- Cover of first volume

薔薇監獄の獣たち (Bara Kangoku no Kemono-tachi)
- Genre: Romantic fantasy
- Written by: Spica Aoki
- Published by: Akita Shoten
- English publisher: NA: Seven Seas Entertainment;
- Magazine: Princess
- Original run: June 2016 – April 2018
- Volumes: 4

= Beasts of Abigaile =

Shōjo manga series

Beasts of Abigaile (薔薇監獄の獣たち, Bara Kangoku no Kemono-tachi) is a shōjo manga series by Spica Aoki. The plot centers around a high school student named Nina Tsukishiro, who moves to the European nation of Ruberia and quickly becomes involved with the native luga (wolf people) of the region which have been imprisoned in the island fortress of Abigaile. Beasts of Abigaile appeared as a serial in the monthly manga magazine Princess starting in 2015. Akita Shoten has published the chapters in four bound volumes, and American publishing company Seven Seas Entertainment licensed the series for an English-language translation in North America.
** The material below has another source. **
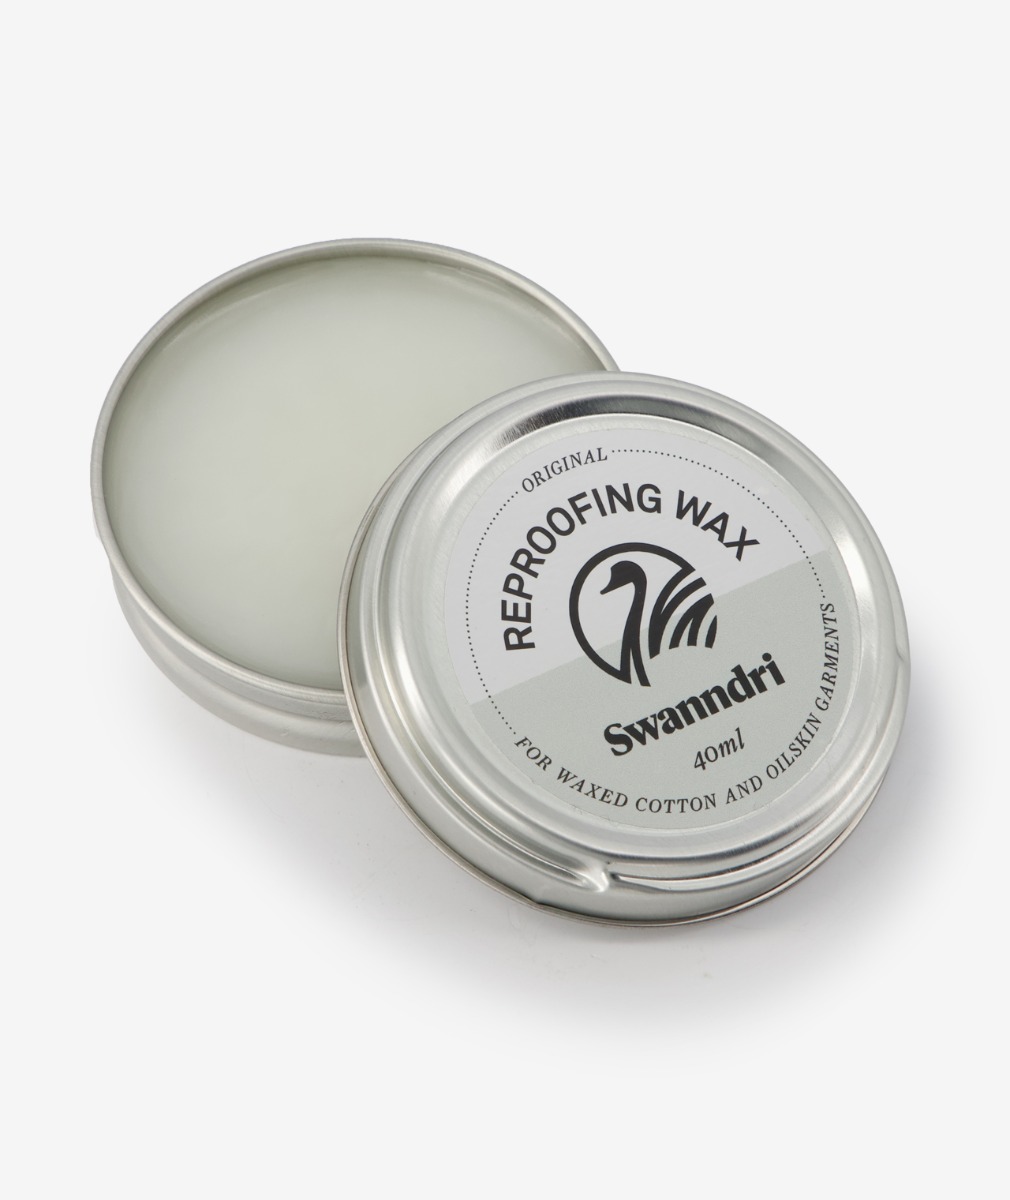 Wax Tin for Re-proofing Oilskin Vests and Jackets

A German translation has been published by Tokyopop from June 2017 to November 2018. The English-language translated series has received generally positive reception, though readers note that the manga appears to have a rushed ending, which the author confirmed in an addendum of Volume 4. The German translation had a mixed reception, being criticised for a predictable and at times nonsensical plot, but praised for being fast-paced, well-drawn and enjoyable overall.

==Plot==
Nina Tsukishiro is a teenage girl who travels to the European country of Ruberia with her uncle. For hundreds of years, Ruberia has enslaved and taken advantage of the native wolf people known as luga for their ability to seek out the best of the country's prized roses, keeping them trapped in the castle of Abigaile. An escaped "alpha" luga, Roy, bites Nina, which transforms her into a luga, after which she is taken away to Abigaile and forced into a chaotic world with rules of dominance and hierarchy she does not understand.
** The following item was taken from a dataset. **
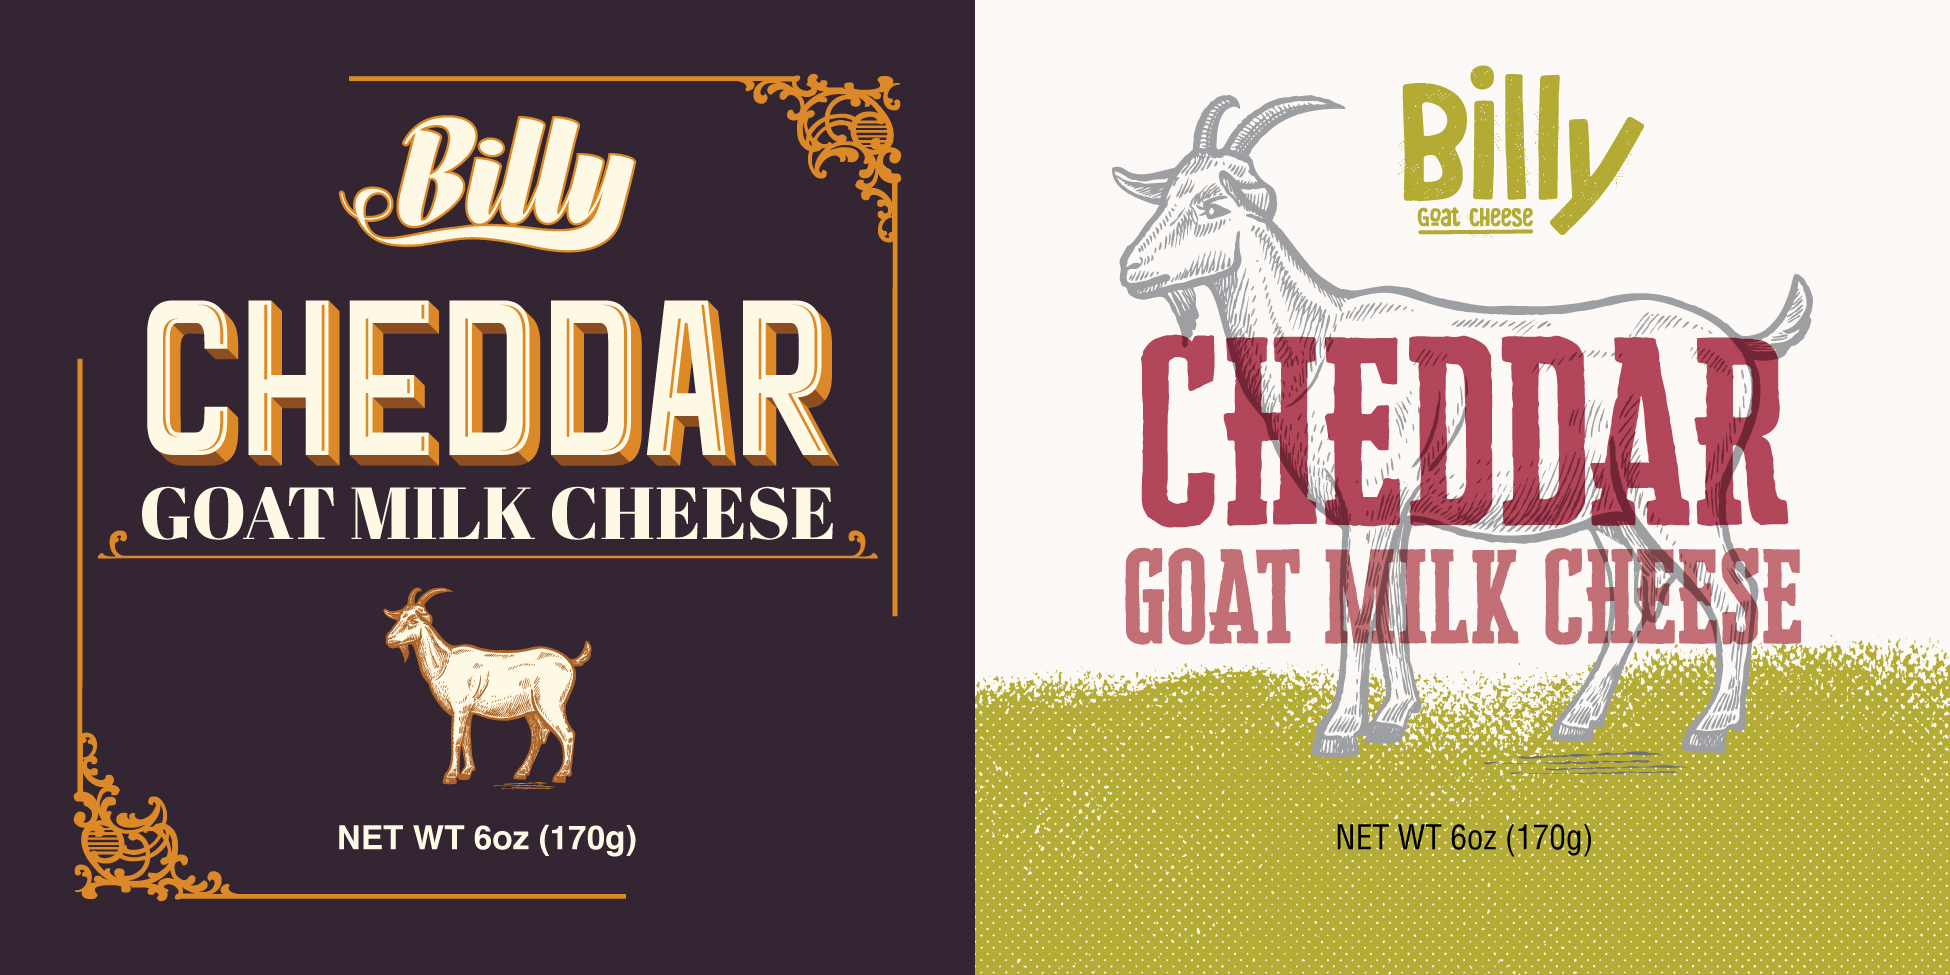 Billy Goat Cheese

Though her appearance is that of a luga, Nina struggles to fit in, as her scent is that of a human. She comes to discover more about the truth of Abigaile, and herself, as she makes her way through the prison's hierarchy of Alphas and Omegas.

==Publication==

| Volume | Japanese release date | Japanese ISBN | English release date | English ISBN | German release date | German ISBN |
|---|---|---|---|---|---|---|
| 1 | June 16, 2016 | 978-4-253-27301-5 | June 27, 2017 | 978-1-626925-35-9 | June 31, 2017 | 978-3-8420-3902-5 |
| 2 | November 11, 2016 | 978-4-253-27302-2 | October 17, 2017 | 978-1-626925-67-0 | November 6, 2017 | 978-3-8420-3903-2 |
| 3 | March 16, 2017 | 978-4-253-27303-9 | March 6, 2018 | 978-1-626927-11-7 | February 1, 2018 | 978-3-8420-4183-7 |
| 4 | April 16, 2018 | 978-4-253-27304-6 | November 20, 2018 | 978-1-626928-56-5 | November 8, 2018 | 978-3-8420-4901-7 |

==Reception==
The English-language adaptation of Beasts of Abigaile has received several recommendations: Rebecca Silverman from Anime News Network gave the first 2 volumes an overall "B+" rating, praising the art which "occasionally makes references to the shoujo of the 70s and 80s" and the story's twists on the classic themes of Little Red Riding Hood. Che Gilson of Otaku USA remarks that the elements of the manga "combine to form a perfectly winning shojo fantasy", though the first volume's rapid pacing received some criticism, which has been reflected in reviews of the German-language translations.